The Duke of York's Glass House

(Alternatively: "His Royal Highness's" or Redmead's Lane or Hermitage Stairs)

Flint glass was being made at this Glass House in Wapping, London by 1684 and a Lion and Coronet seal was used to mark the glass, but none of these have yet been identified. The glass house was advertised in the London Gazette on 4 December 1684: 'At his Royal Highness's Glass-house near the Hermitage Stairs in Wapping, are exposed for sale all manner of Flint Glasses, and likewise all sorts of Ordinary and Green...all the Glasses being marked with a Lion and Coronet. Glasshouse yard is shown in the top right hand corner of the part of the 1746 map of London shown below, but there is no indication of an actual building, as with the near-by Goodman's Yard Glasshouse. The Duke of York's ownership probably ceased in 1685, and would have certainly ceased by 1688.

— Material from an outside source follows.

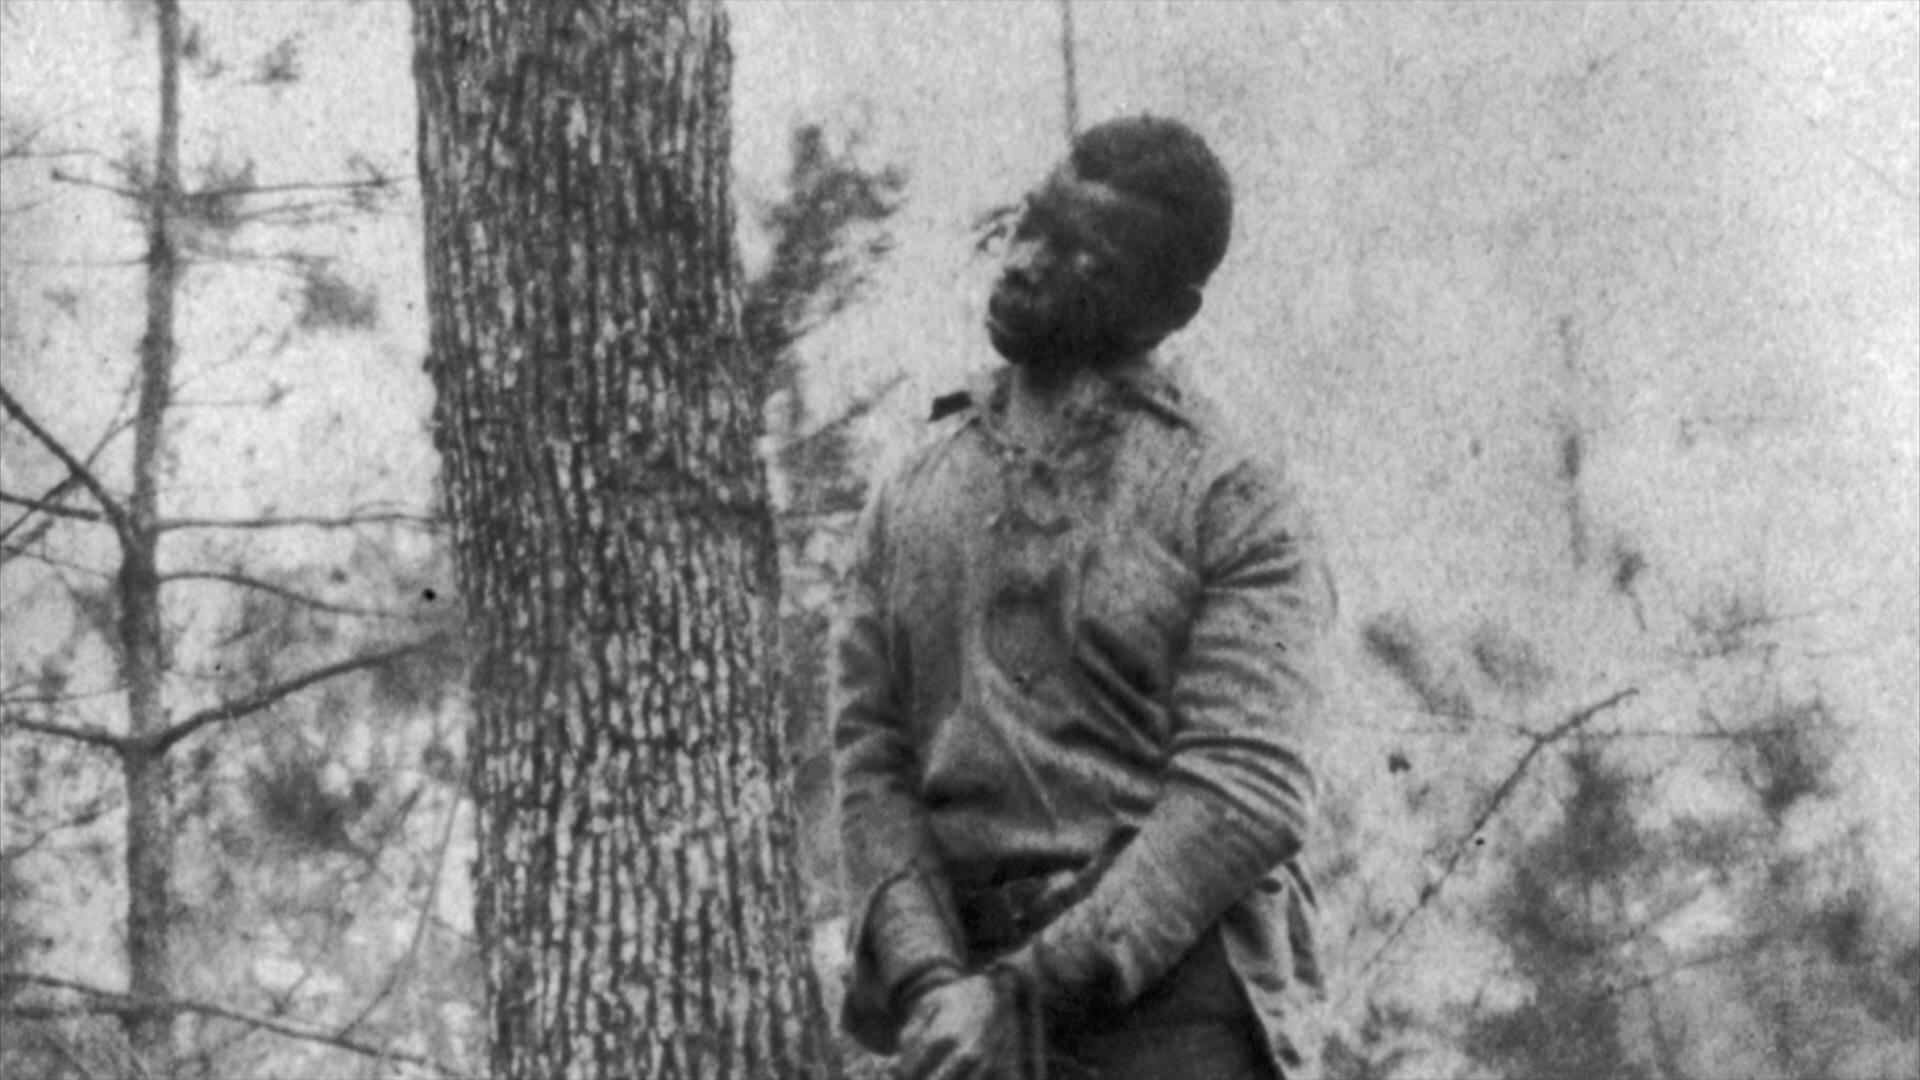 Exposing 'Southern Horrors' video thumbnail

Ratcliffe Glasshouse (Cock Hill)

It is probably the glass house in Ratcliffe that the Royal Society obtained glass ware from in 1661. This would be consistent with an advertisement in the London Gazette 7 August 1693: "Mr Isaac Dehew, at the Adam & Eve, Ratcliffe highway making Looking Glasse, Crown Glass, Bottles, Chymical Glass all at one furnace". The du Houx family were well known glass makers who had originated in Lorraine. H.J.Powell in his Glass Making in England mentions members of the Bowles family making crown glass at the Cock Hill glass house in Ratcliffe, some time after 1691. There is no evidence that the glasshouse made drinking glass.